New governor: Sect trumps competence in Gilgit-Baltistan

Religious sect a major consideration in the decision to select new governor.

Shabbir Mir December 26, 2010

GILGIT: The parliamentary committee of the Pakistan Peoples Party (PPP) has recommended that the new governor for Gilgit-Baltistan should belong to the Sunni Muslim sect, well-placed sources told The Express Tribune on Saturday.

The debate opened after Pakistan’s and Gilgit-Baltistan’s first woman governor, Dr Shama Khalid, died in September this year after a tough battle against cancer.
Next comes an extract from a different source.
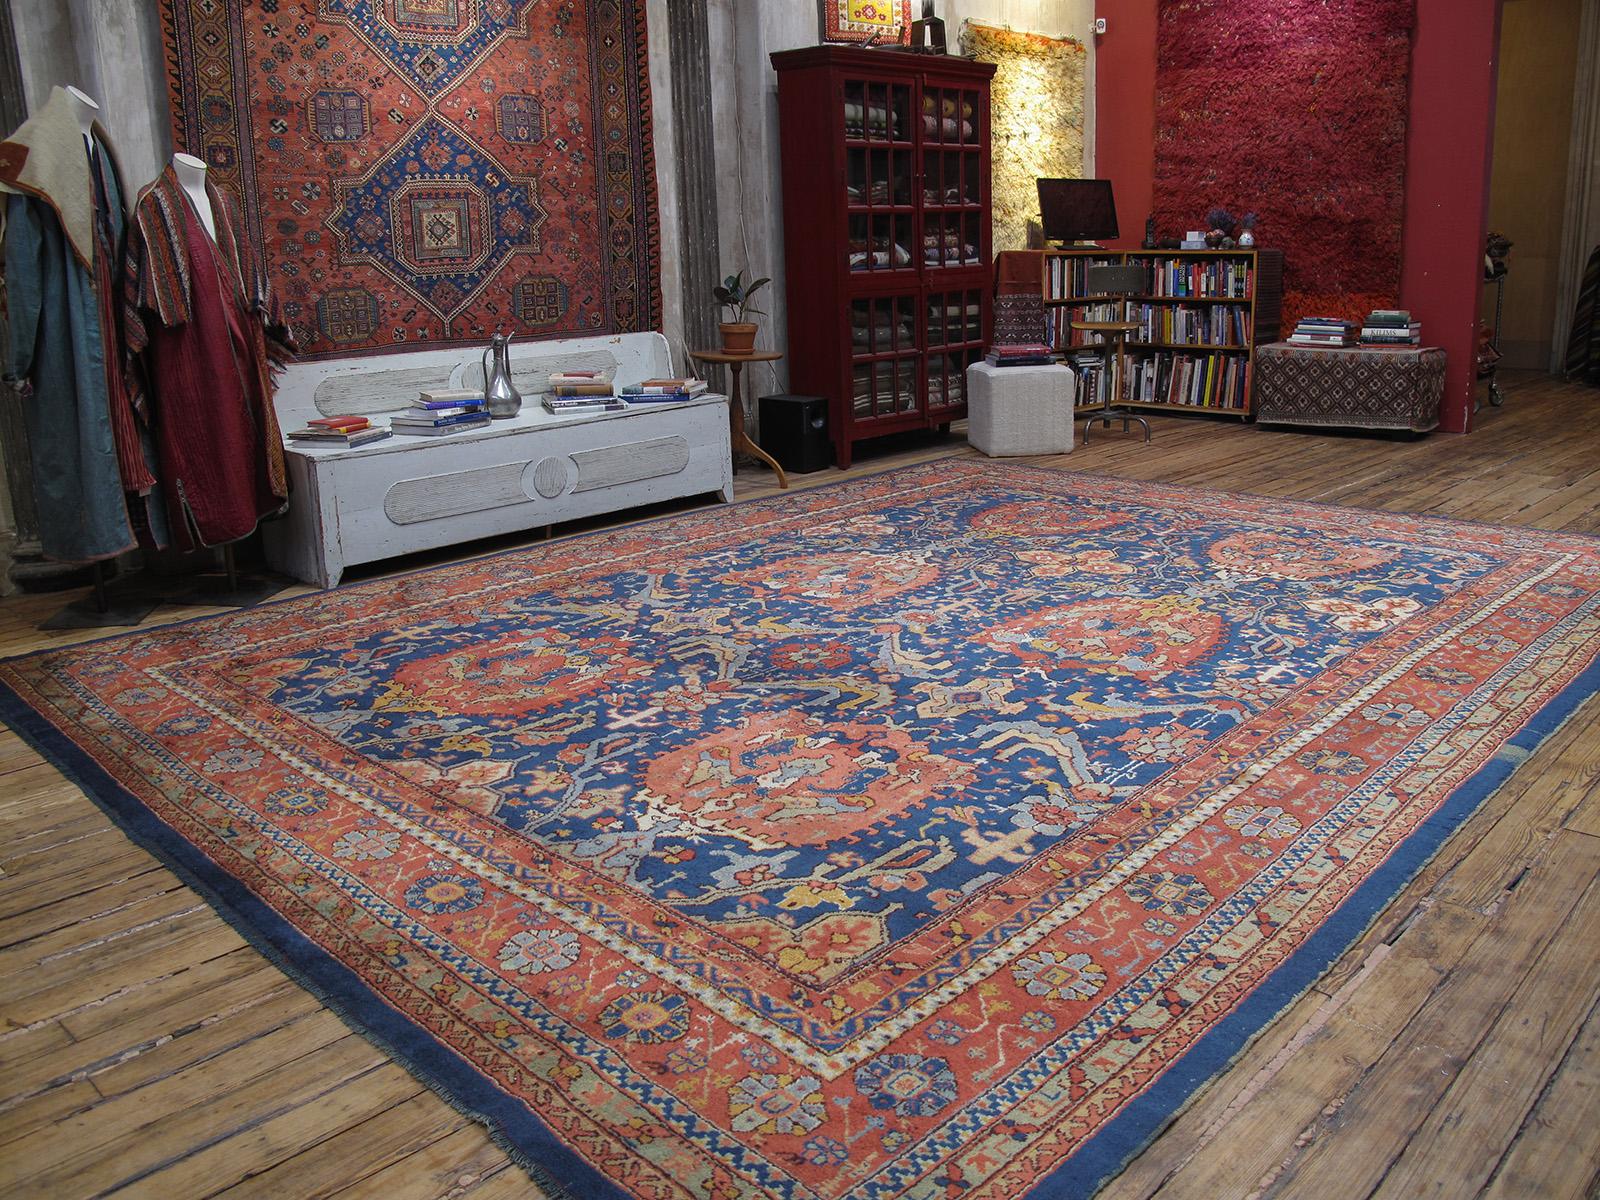 Ein wunderschöner antiker Teppich aus der fruchtbaren Region Oushak in der Westtürkei mit einem bekannten Muster, das mindestens seit dem siebzehnten Jahrhundert bekannt ist. Das Design wird im Teppichhandel oft als 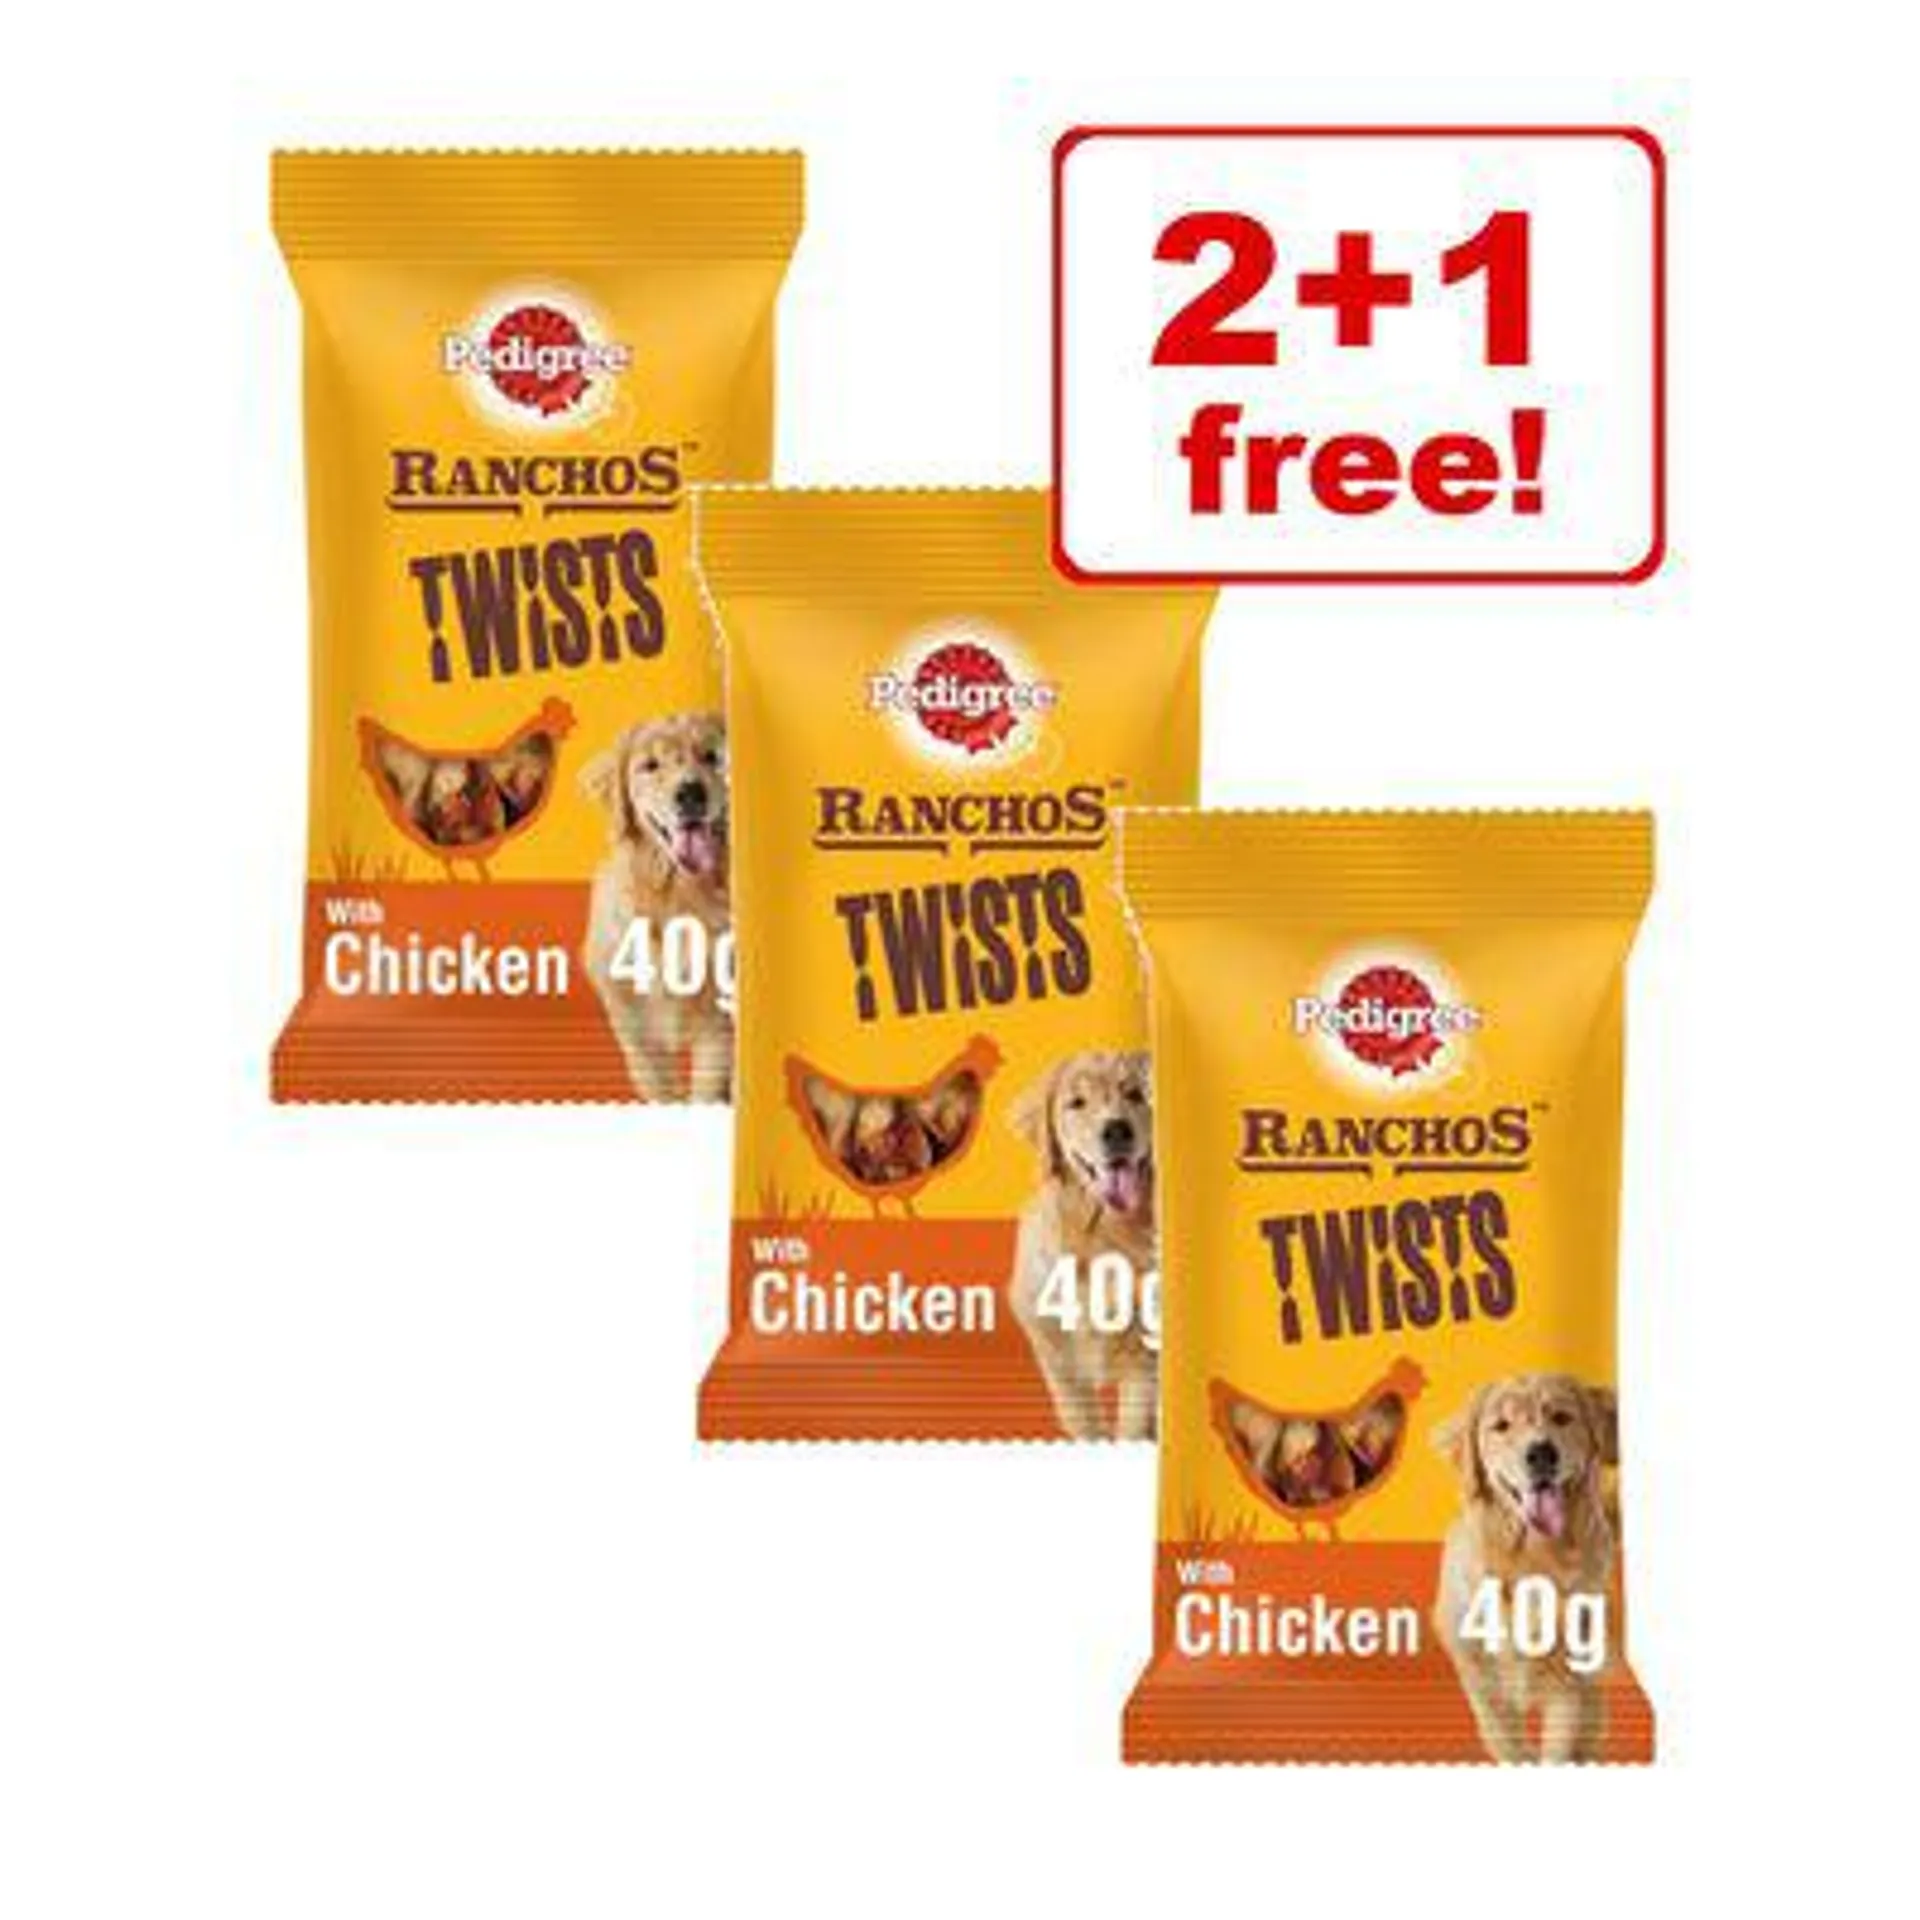 3 x Pedigree Dog Snacks - 2 + 1 Free! *

Since then, the legislative assembly’s speaker Wazir Baig has been the acting governor.

Members also said that a woman governor was against the traditions and norms of the region and such considerations must be respected when making the decision for a new governor.

“In order to maintain a balance between the two sects (Sunni and Shia) in Gilgit-Baltistan, it has been recommended that the governor should be a representative of the Ahle Sunnat community,” said a committee member, on condition of anonymity. The member had attended the meeting held in Islamabad on Friday, which was chaired by Gilgit-Baltistan Chief Minister Mehdi Shah, who is a Shia Muslim.

However, the source said, if a suitable person from the Sunni sect was not available, Baig would be asked to take up the position. “Acting governor Wazir Baig belongs to the Ismaili sect and is a veteran PPP politician from Gilgit-Baltistan.”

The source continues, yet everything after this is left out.